Moneyball vs. Mitchell Report

January 4, 2008

Revisiting the Michael Lewis opus, which the writer deems “the most influential book of what’s now officially baseball’s Steroids Era,” has become joined at the hip with the recent release of the Mitchell Report.

In this article from Slate.com, Tom Scocca wonders if Billy Beane, general manager of the Oakland Athletics and the “protagonist” of Lewis’ analysis of front-office management, consider the possibilities of players “using,” when he assembled his teams:

As Beane says elsewhere in the book: “Power is something that can be acquired…. Good hitters develop power. Power hitters don’t become good hitters.” Oakland, with its limited funds, wouldn’t spend payroll to buy power hitters. Instead, it invested in cheaper, patient hitters. And those hitters, it seems, bought the power themselves.

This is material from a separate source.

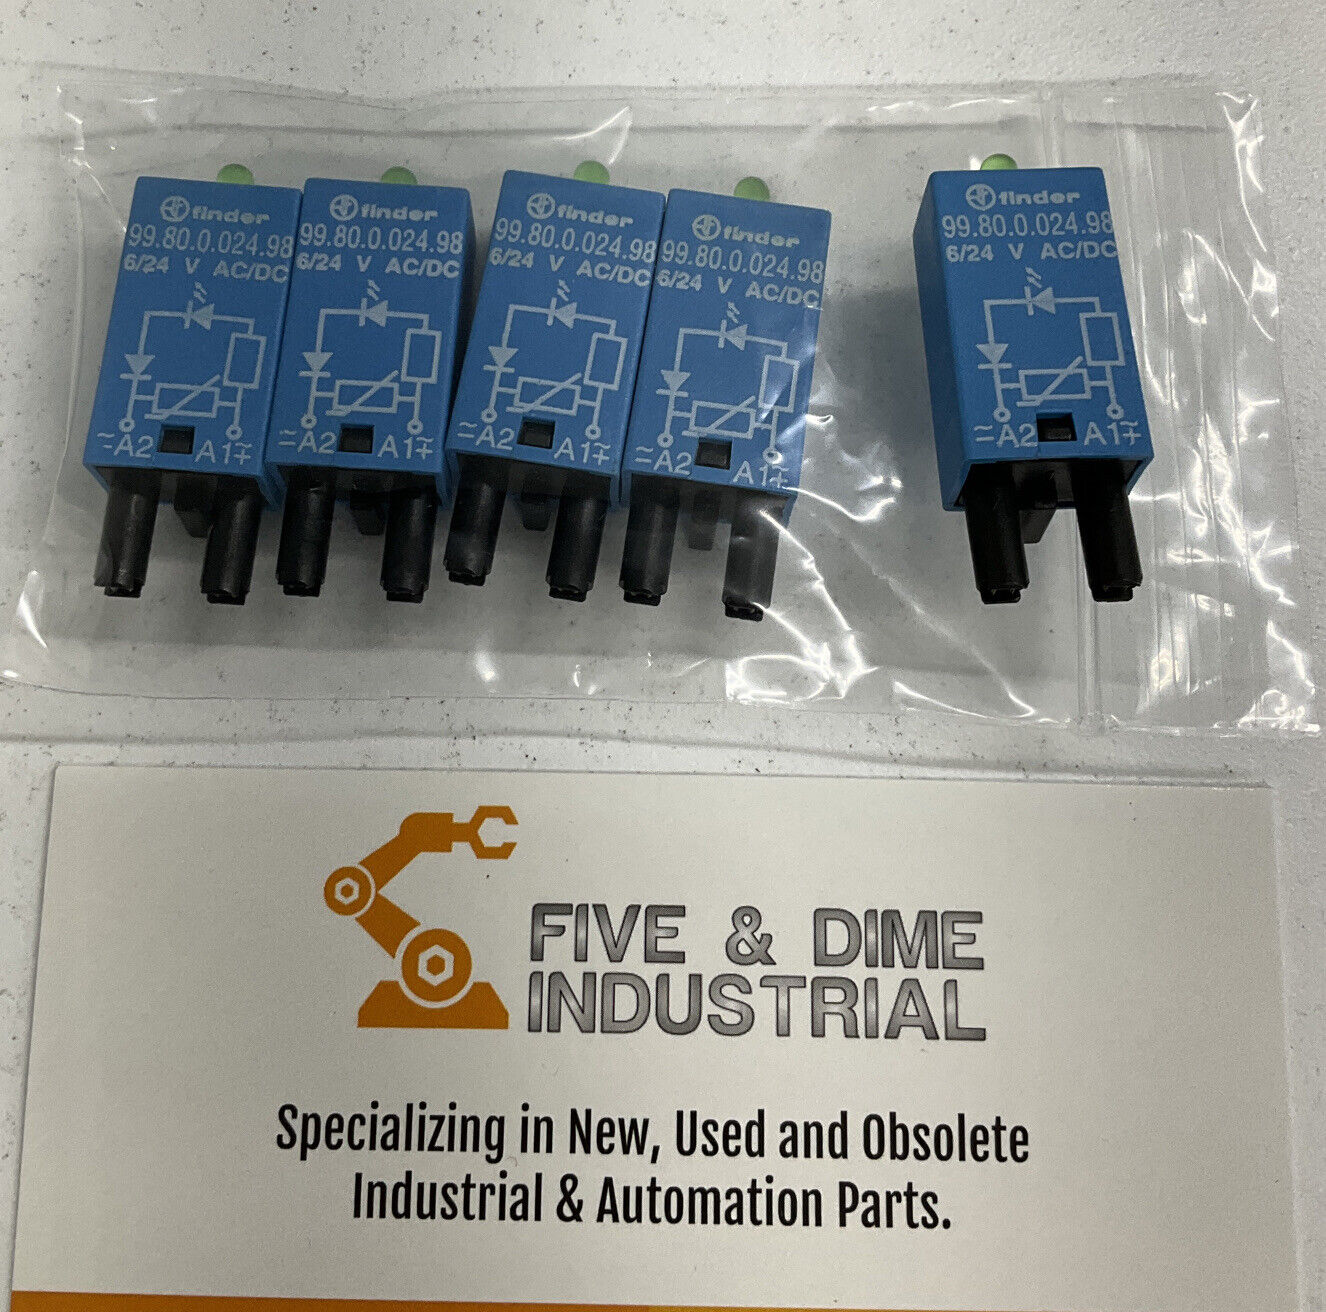 Finder 99.80.0.024.98   Diode  Relay  6/24 Volts AC/DC  Lot of 5 (YE161)

Did Beane have steroids deliberately or explicitly in mind? He was talking about his hopes of drafting someone who could be the next Jason Giambi. And Jason Giambi, the 2000 American League MVP, was juiced. So was his younger brother and Oakland teammate, Jeremy. So, according to Mitchell, was the A’s other MVP, Miguel Tejada, who asked for and received steroids and testosterone from teammate Adam Piatt. And Oakland’s veteran pickup David Justice (“an extraordinary ability to get on base was more likely to stay with a player to the end of his career than, say, an extraordinary ability to hit home runs”). The Oakland locker room, the report says, was an open-air drug market.

But “Where were the steroids in Moneyball,” asks Scocca? “They were out of sight, where the baseball world wanted them to be. This is not a reflection on Lewis’ reporting, even. The book advanced people’s understanding of baseball, on the terms in which people were willing to think about baseball at the time. It accurately named and explained the batting approach that defines this era: power hitting channeled through strict strike-zone discipline.”

The Slate story includes links to other illuminating pieces on the MR, including Bonnie Goldstein’s “Hot Document of the best material in the Mitchell report” and a group of Slate writers and editors who discussed the implications and innuendos of the report.